Synthetic system design method for off-axis stabilized zoom systems with a high zoom ratio

Stabilized zoom systems possess the advantages such as the simplified system layout, improved system stability, enhanced imaging performance, and a high zoom speed. The complex system design to achieve high performances requires calculations or investigations of the initial system for optimization and improvements, and thus, specific design techniques are pursued. In this study, we propose an automatic optical design scheme of synthetic characteristics for the off-axis stabilized zoom systems, which using focal length variable (FLV) opto-electronic elements and with a high zoom ratio. The study aims at evaluating and synthetically achieving the zooming properties and the image quality balance of entire focus imaging. The multi-element stabilized zoom systems are characterized using the Gaussian brackets expressions and their optimal solution ranges for high zoom ratios are deduced to achieve non-defocusing imaging in specific stroke ranges of FLV elements.

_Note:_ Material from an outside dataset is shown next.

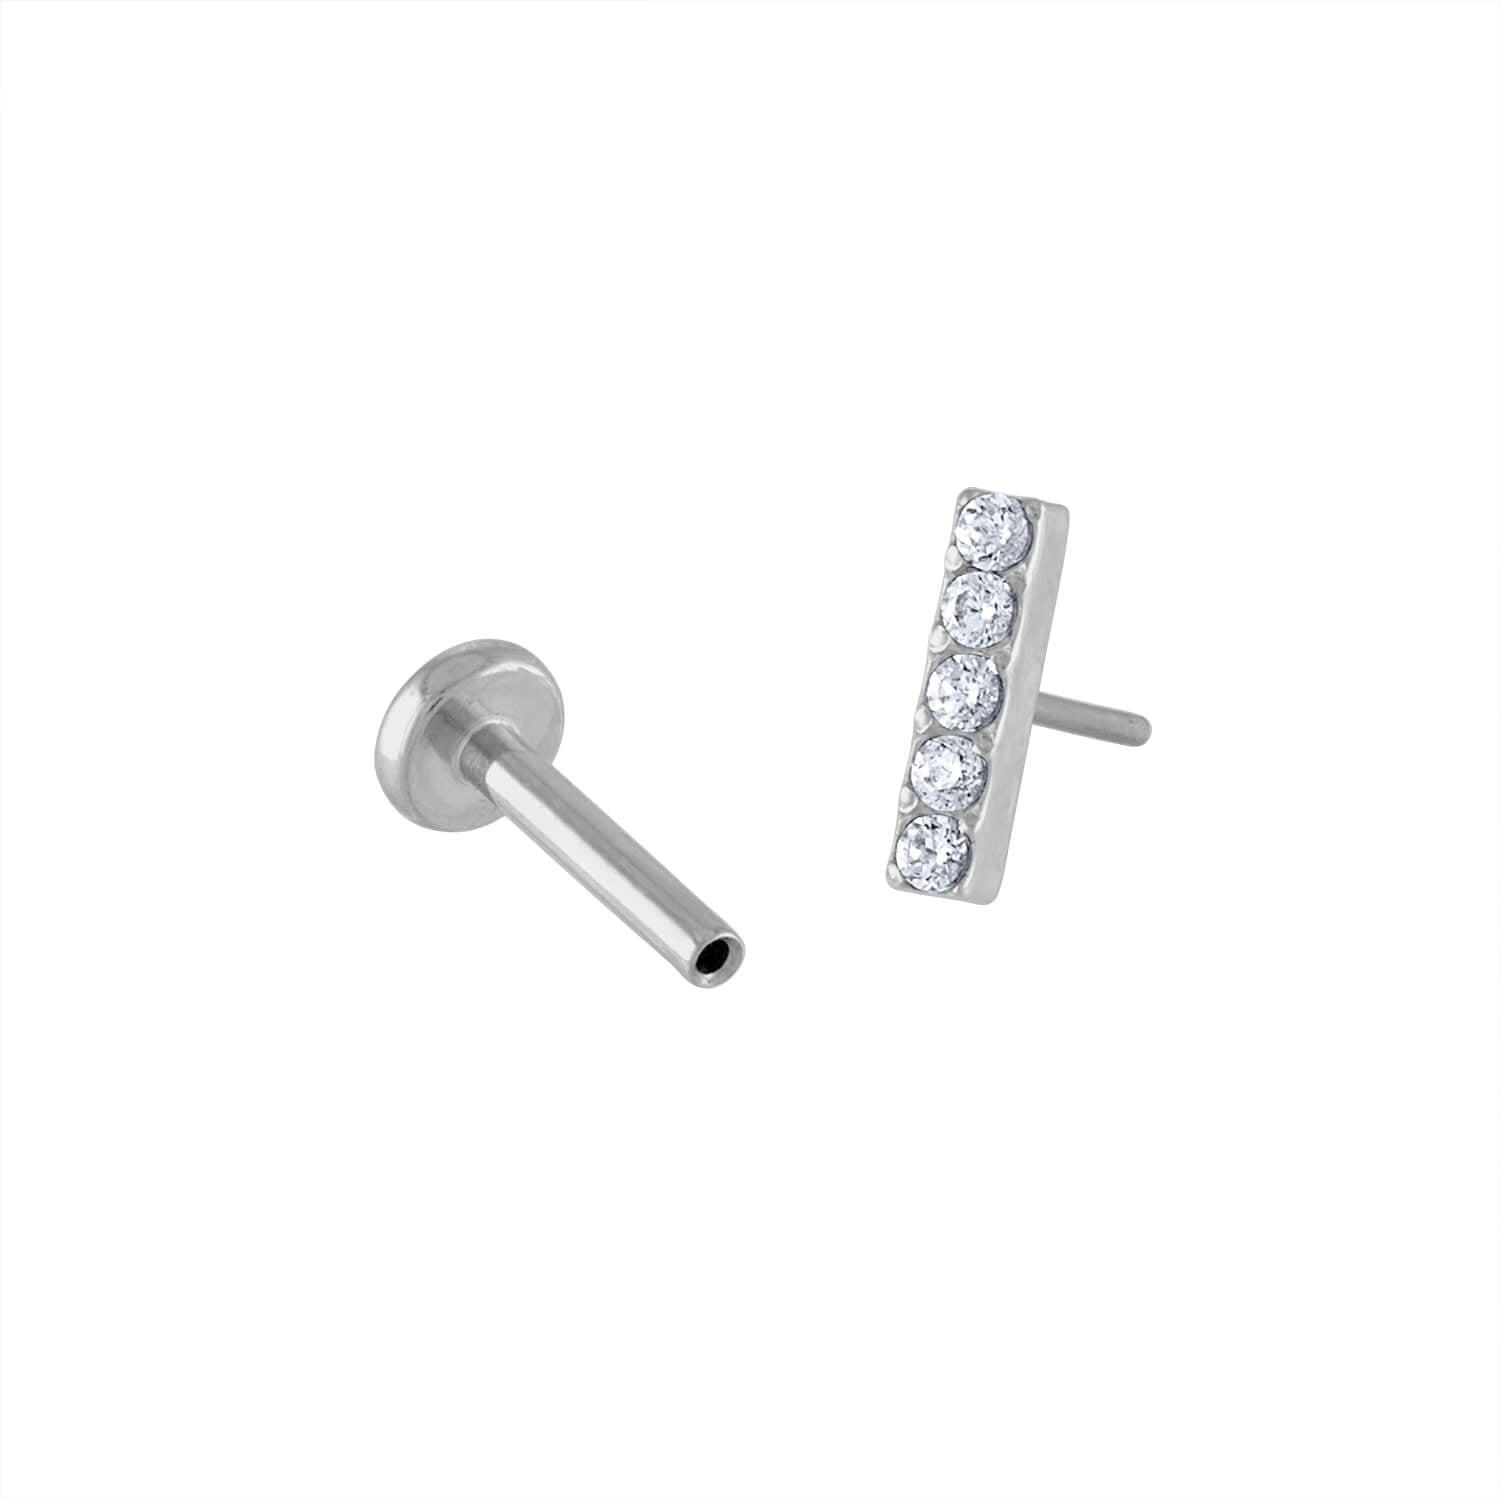 Pave Bar Push Pin Flat Back Earring in Silver

Then considering the analytical characterization of the off-axis-induced primary aberrations at multi-conjugate positions, we use a conic surface to deduce the basic expression of the nodal aberration. Thereby the nonlinear global merit function is established with a semi-empirical mathematical model based on nodal aberration theory and nonlinear zoom equation for maintaining the stability of focal length and image plane drift. And the theory of Pareto Optimality is employed in the process of verifying the superiority of the solutions. Finally, a series of solutions for a high zoom ratio and aberration compensation are implemented and the optimal configurations with conical surfaces for an off-axis stabilized zoom system are obtained. (C) 2021 Optical Society of America under the terms of the OSA Open Access Publishing Agreement

Automated summary

The study proposes an automatic optical design scheme for off-axis stabilized zoom systems, optimizing non-defocusing imaging. A global merit function is established based on nodal aberration theory and nonlinear zoom equation, with solutions verified using Pareto Optimality theory.